Я думаю, что поменялось несколько моментов. Первое изменение произошло в самих институциях. Автономная Касталия, закрытый замок потерял возможность получать деньги ни за что. Ему вдруг сказали, что денег больше не будет. Государство ему не платит. Центр Помпиду, например, сейчас в таком положении. Директор в шоке, потому что всю историю современного искусства еще до Помпиду оплачивало государство. Всё, надо искать другие источники существования. Это состояние счастливого бессребреника («глупые люди, платите мне, и будет хорошо», как говорил Хармс), это всё кончилось. Выяснилось, что надо зарабатывать. Первой ласточкой был, конечно, Кренц [Томас Кренц; до 2007 года директор нью-йоркского музея Гуггенхайма, известного своим туристическо-коммерческим характером — OS], потом посыпалось все остальное. То есть первый сюжет — невозможность существования арт-институций, они вынуждены зависеть от количества публики, билетов и т. п. Вторая причина — изменение самого состава художественной элиты. Ушла или почти ушла вся кураторская группа великих Зееманов, появилась новая, которая ищет любви, признания и поощрения у внехудожестивенных людей. У буржуа, политиков, спонсоров, звезд... Руки вытягиваются за пределы палатки, ушли гордые рыцари без страха и упрека, которые посылали спонсоров к черту, так что те должны были за ними бегать, чтобы только получить право платить деньги... а кураторы говорили, как Бенуа одному миллионеру в свое время, «пошел вон отсюда, засранец». Все это стало совершенно по-другому. Теперь кураторы ходят с протянутой рукой, им говорят: «А кто ты такой?».

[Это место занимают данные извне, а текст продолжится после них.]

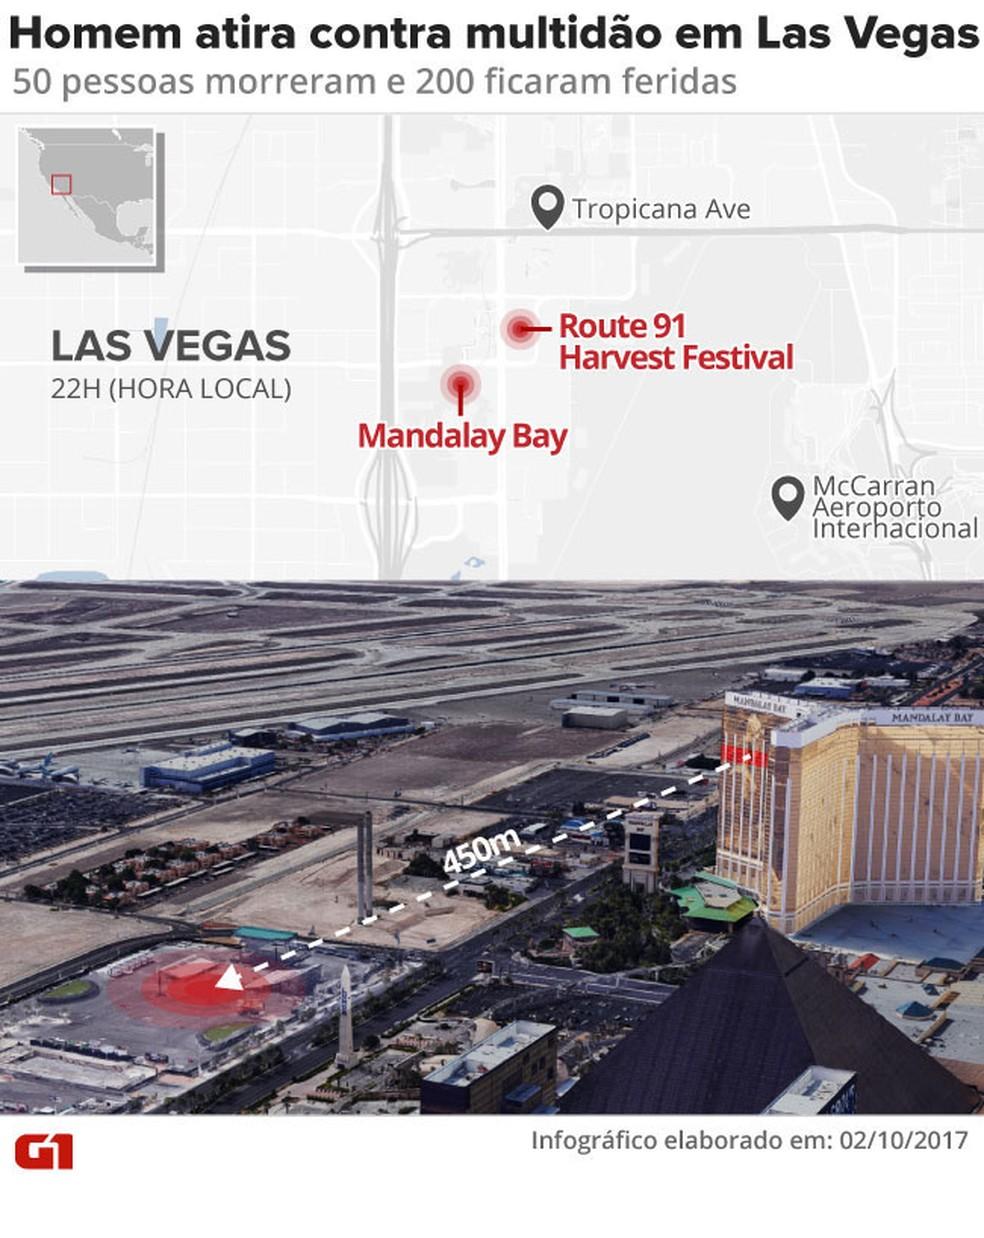 Homem abriu fogo contra multidão que participava de festival em Las Vegas, nos EUA  (Foto: Arte/G1)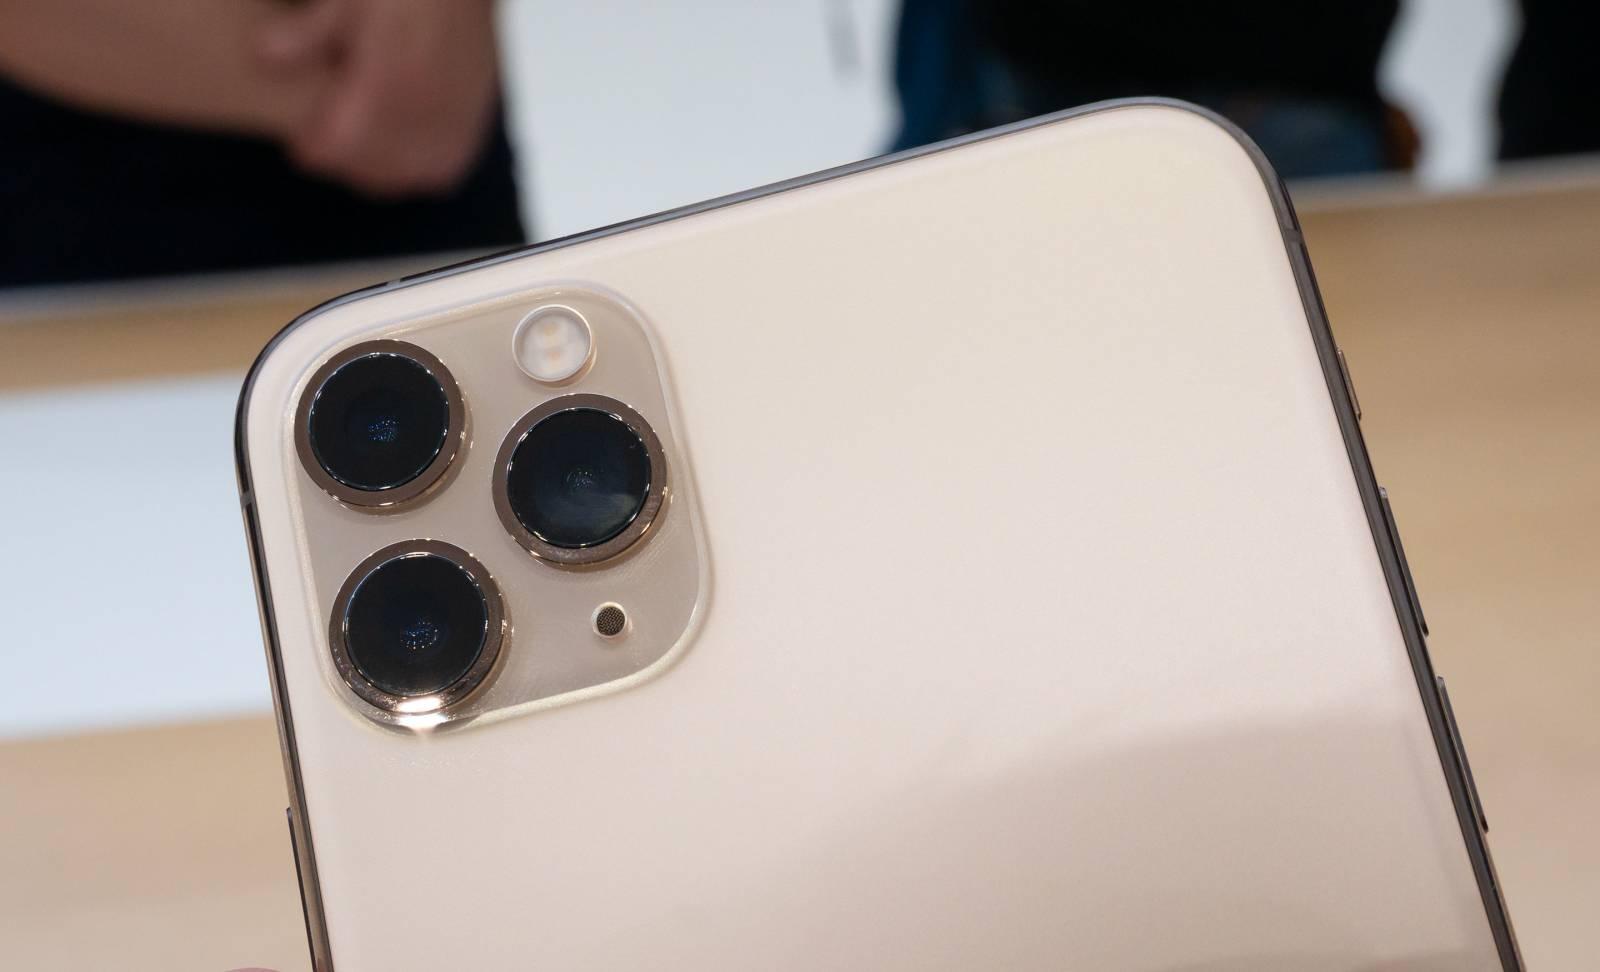 iPhone 11 Pro Functia GROZAVA Din Telefoane care e DEZACTIVATA

И третье — поменялся художник. Это очень важно. Была такая модель и раньше — некий кентавр художника и бизнесмена. Но это было не так заметно, когда на первом плане были такие люди, как Ротко, Рейнхард, Де Кунинг. Оборону держали те, кто воевал только за святое дело искусства. С новыми временами появилась эта поросль животных, не хочу называть фамилии... Ну ладно, начинается все с Уорхола и Кунса, конечно, и дальше становится нормой. Последствия хорошо известны.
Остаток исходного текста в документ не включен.